SUBSTANCE: invention relates to pharmaceutical industry and can be used to obtain an agent for the treatment of celiac disease.

State of the art

Celiac disease is an autoimmune inflammation of the mucous membrane of the small intestine with its atrophy in individuals with genetically determined sensitivity to gluten [Recommendations for the creation of regional and national registries of patients with celiac disease//Experimental and Clinical Gastroenterology, Moscow-2009-No. 10, pp. 148-153].

Celiac disease is a fairly common autoimmune disease, occurring in about 1% of the world's population. Lifelong strict gluten-free diet is considered to be the only effective treatment method recognized in the world [Satya Kuradaa, Abhijit Yadava, Daniel A. Loeffler Existing and newest strategies for the treatment of celiac disease REVIEW OF CLINICAL PHARMACOLOGY, 2016 http://dx.doi.org/10.1080/ 17512433.2016.1200463].

Supportive methods of treatment are also proposed, which do not eliminate the cause of the disease, but improve the patient's condition.

These methods include a drug containing a vitamin complex, DNA, RNA, and plant extracts [Patent US8128971B1, 03/06/2012]. The preferred dose for the treatment of celiac disease is the administration of 6 capsules of the drug to the patient orally every day for approximately 30 days. It is believed that the use of this composition stimulates the growth of intestinal villi, which are able to absorb nutrients more efficiently.

In the patent US8128971B1, 03/06/2012, digestive enzymes are proposed for use in compositions including amylases, lipases, proteases, and any combination thereof.

US6348495B1, Feb. 19, 2002, proposes the use of L-carnitine alkanoyl derivatives (acetyl, propionyl, butyryl, isobuteryl, valeryl, and isovaleryl L-carnitine).

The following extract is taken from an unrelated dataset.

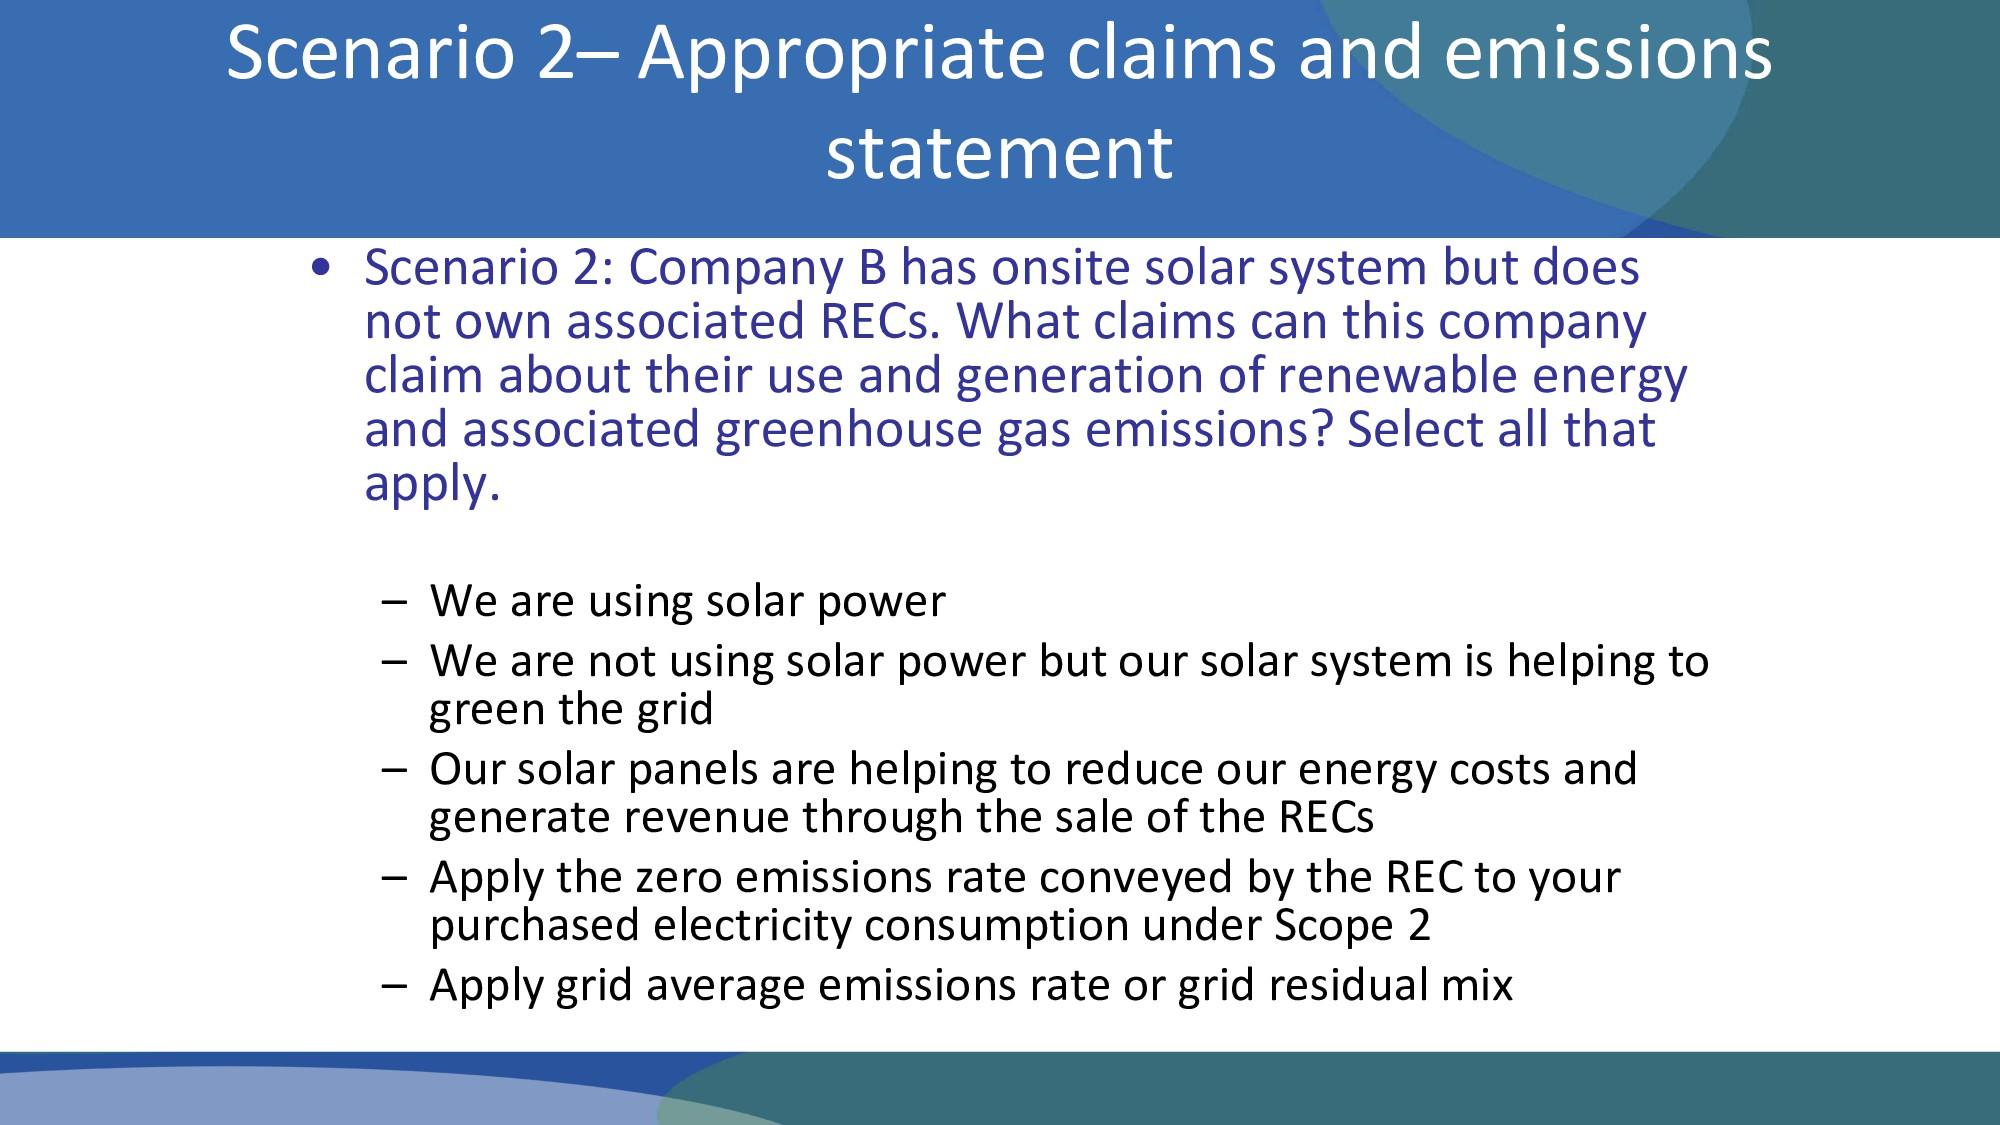 • Scenario 2: Company B has onsite solar system...

US8119104B2, 05/19/2011, describes a method for inhibiting the symptoms of celiac disease, which includes the introduction of monoclonal or polyclonal, monomeric, dimeric or polymeric preparative IgA, which accumulates on the surface of the mucous membrane and is able to prevent retro-transcytosis of gliadin peptides associated with celiac disease and thereby disrupt disease process. Excipients used in the pharmaceutical industry are mixed with the monomeric, dimeric, and polymeric form of IgA to form a capsule, tablet, followed by coating with enteric polymers or a suppository.

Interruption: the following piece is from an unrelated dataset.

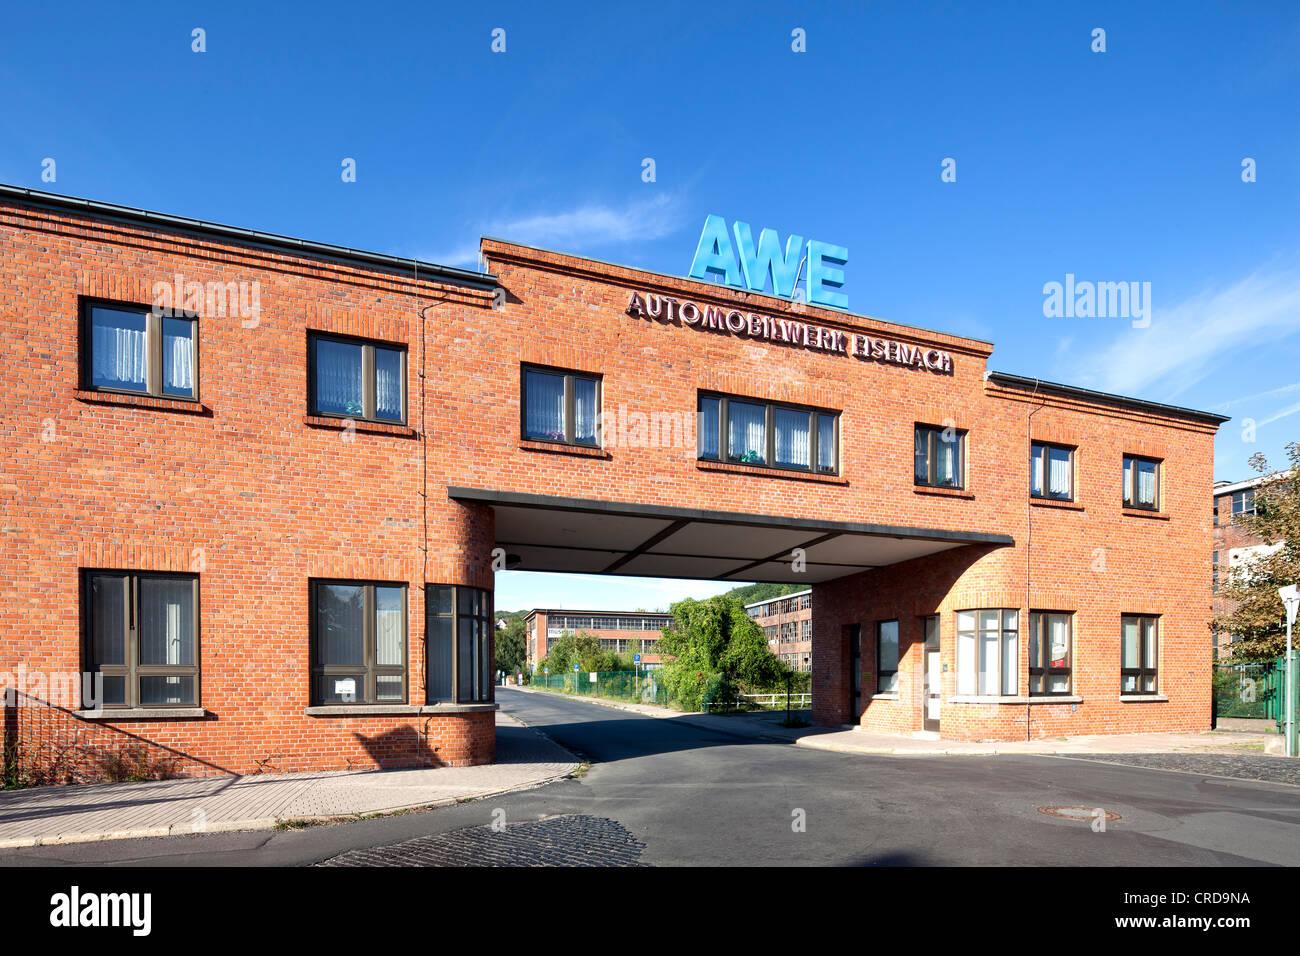 Automobilwerke Eisenach, automobile plant, gatehouse, Eisenach, Thuringia, Germany, Europe, PublicGround Stock Photo

At the same time, a number of patents provide information on the possibility of using various protein compounds to create drugs used for the direct treatment of celiac disease. They include dosage forms for both injection and oral administration.

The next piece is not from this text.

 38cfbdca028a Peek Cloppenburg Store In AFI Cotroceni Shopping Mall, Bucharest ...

Robert Paul Anderson et al., in application EP2367561A1, 09/28/2011, identified three dominant peptides that together can be used as an agent in immunotherapy or as a vaccine to modulate the T-cell response to three or more types of gluten peptides and, thereby , provide gluten tolerance, allowing the treatment of celiac disease. This drug is presented as a solution for injection.

In the patent US7605150B2, 10/20/2009, the expediency of introducing tTGase, which is a transgluthyminase, is shown. The compound reduces the toxic effects of gluten oligopeptides, thereby reducing or eliminating the effects of gluten. The drug is also presented as a solution for injection.

In continuation of the search for drugs against celiac disease, US7943312B2, May 17, 2011, presents a process for isolating an enzyme belonging to the classification group EC 3.4.21.26, EC 3.4.14.5 or EC 3.4.15.1 and also intended for the treatment of celiac disease.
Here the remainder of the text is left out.